You may be prescribed a type of medicine called an anticholinergic or antimuscarinic. These work by blocking the effects of a chemical called acetylcholine, which the nervous system uses to activate the sweat glands.

Ionophoresis is used for palms, soles and armpits but it is not always effective.

Botulinum toxin can be injected into the skin in areas of the body affected by hyperhidrosis. This helps reduce sweating in these areas by blocking the signals from the brain to the sweat glands. Around 15-20 injections are given in the affected areas of the body, such as the armpits, hands, feet or face. The procedure usually takes about 30-45 minutes in total. The effect of the injections usually lasts for several months, after which time the treatment can be repeated if necessary.
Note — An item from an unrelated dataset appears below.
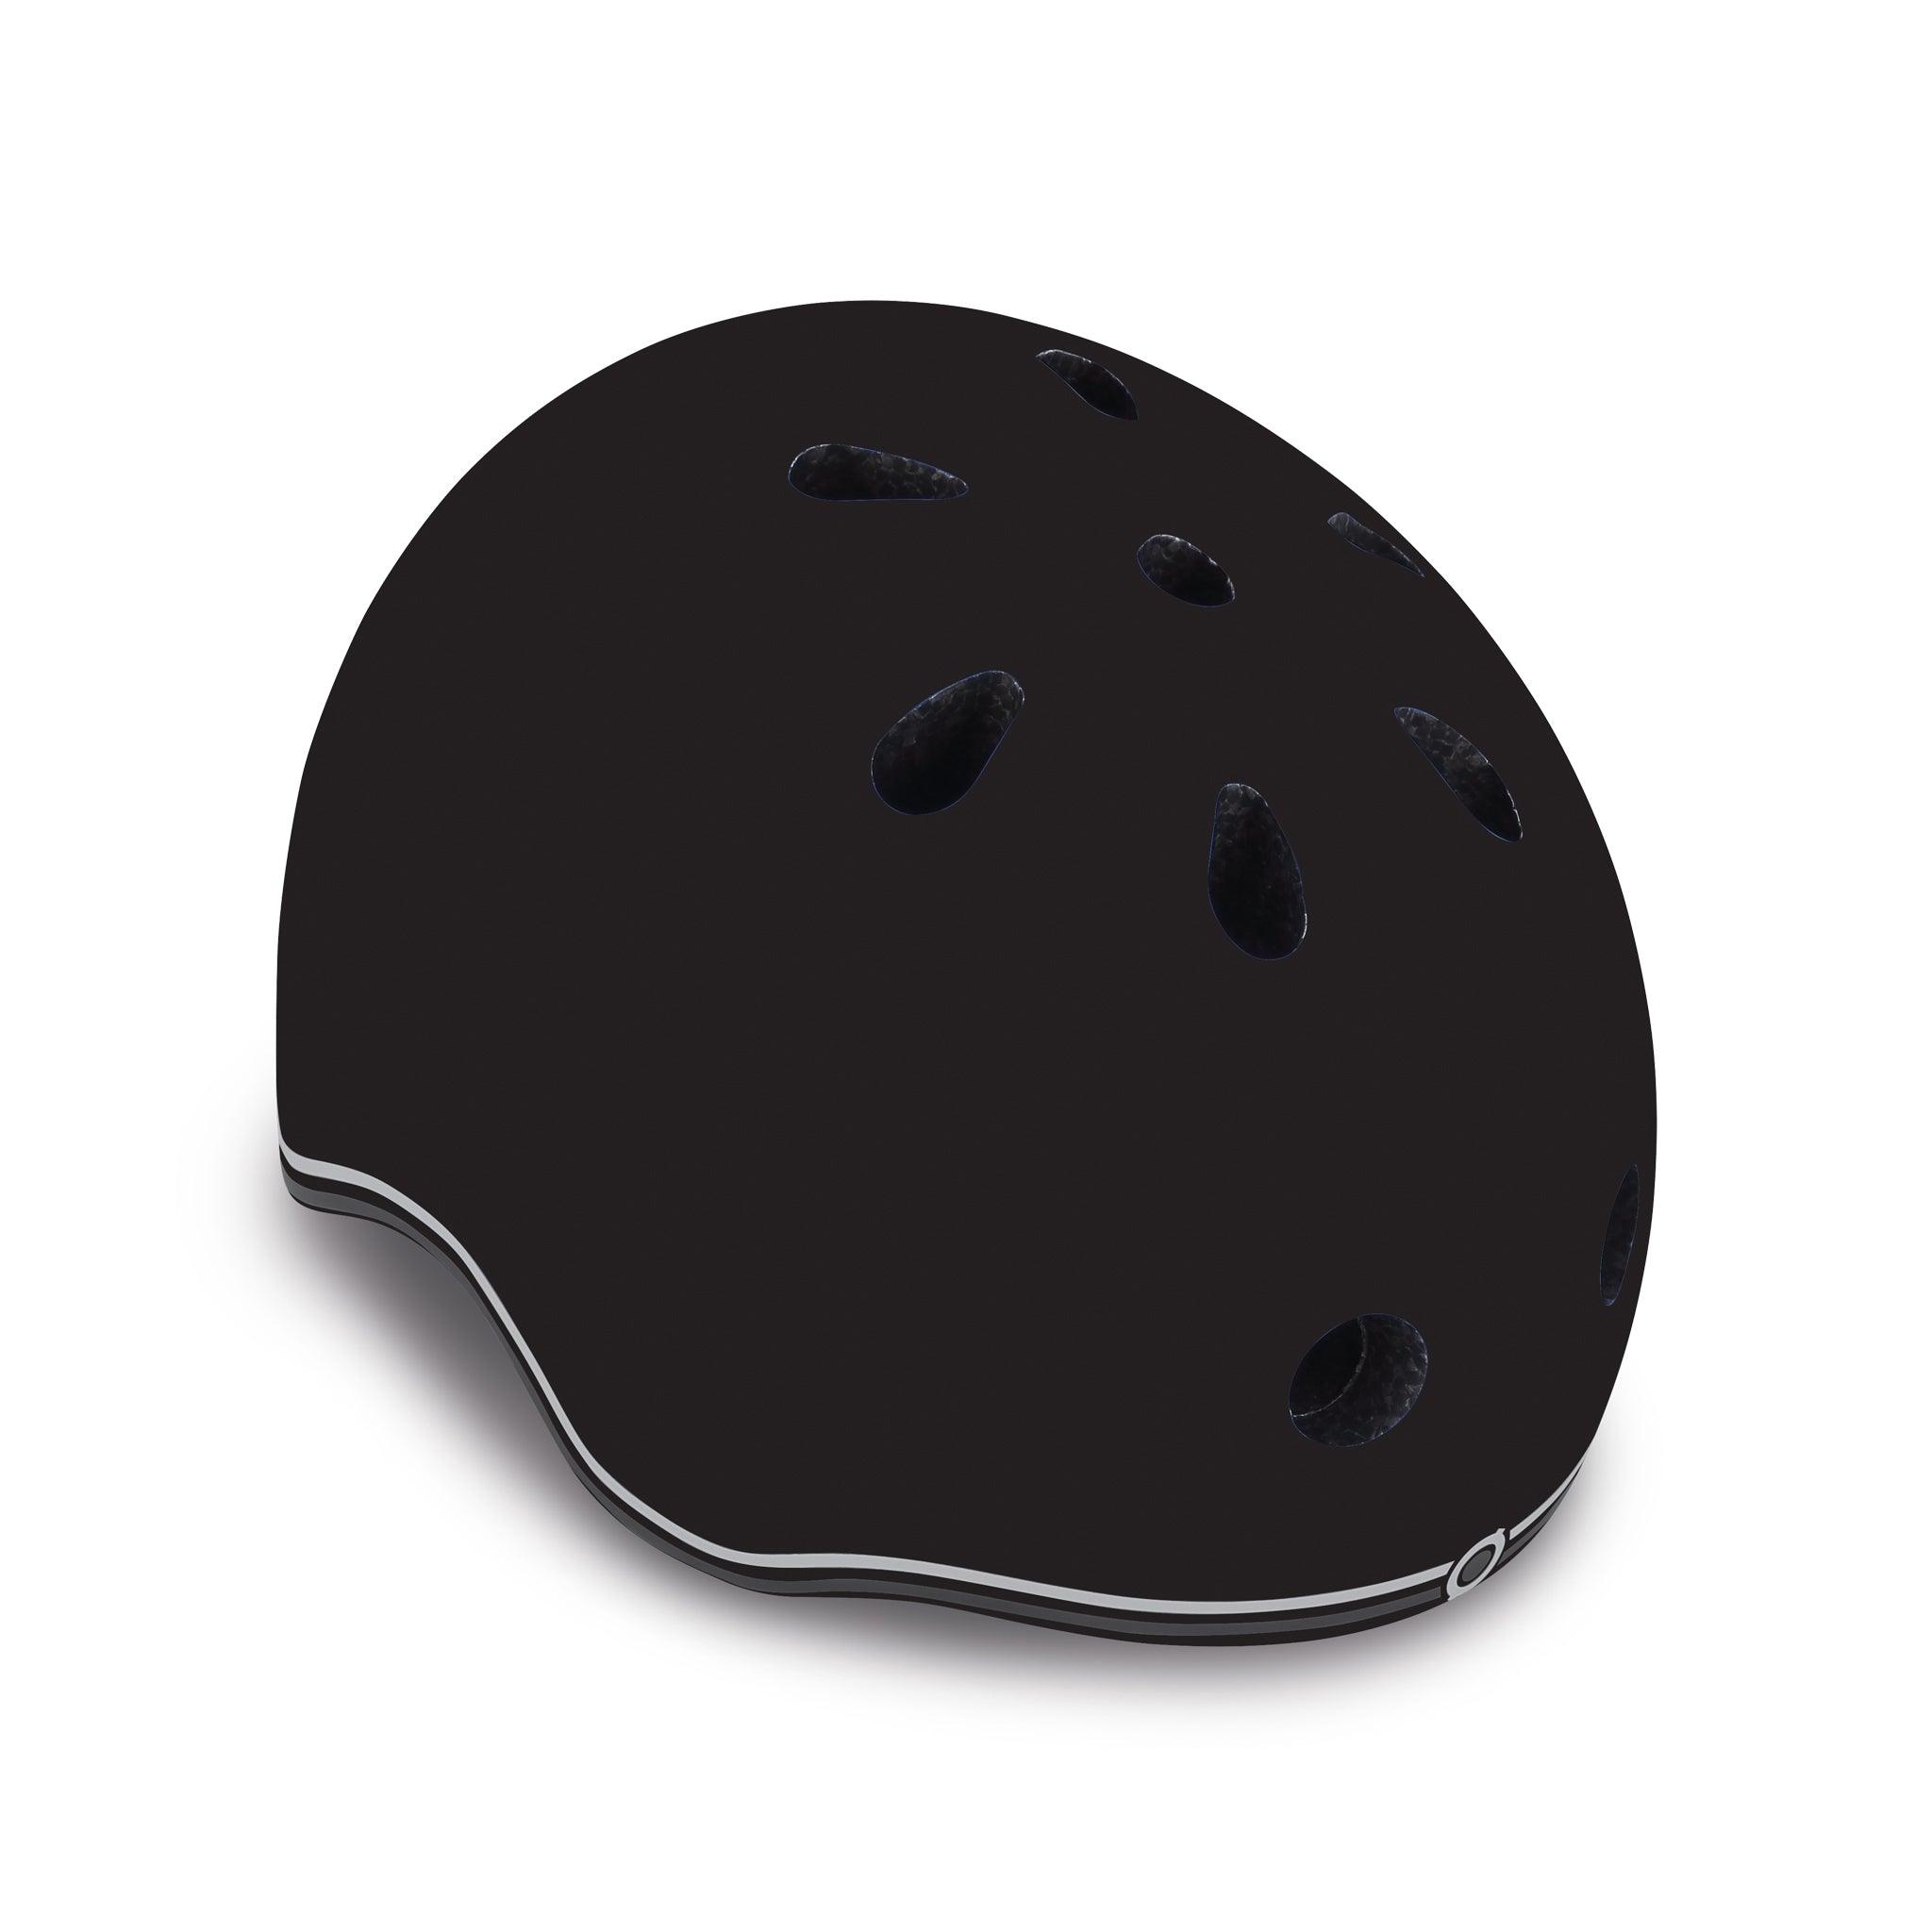 Globber Helmet Primo Lights - Black - Karout Online -Karout Online Shopping In lebanon - Karout Express Delivery

In a few cases where hyperhidrosis is particularly severe and treatment hasn’t been successful, surgery may be recommended:

  • Endoscopic thoracic sympathectomy (ETS) is the most widely used type of surgery to treat hyperhidrosis. It’s usually used in cases affecting the palms or armpits.
  • Excessive sweating under the arms may occasionally be treated with a procedure to remove or destroy the sweat glands in the armpits.

 

What is the outlook for hyperhidrosis?

Localised primary hyperhidrosis tends to improve with age. Treatments can help you reduce your symptoms and improve your quality of life.The outlook for secondary localised or generalised hyperhidrosis depends on the cause. Not all cases of generalized hyperhidrosis have a cure.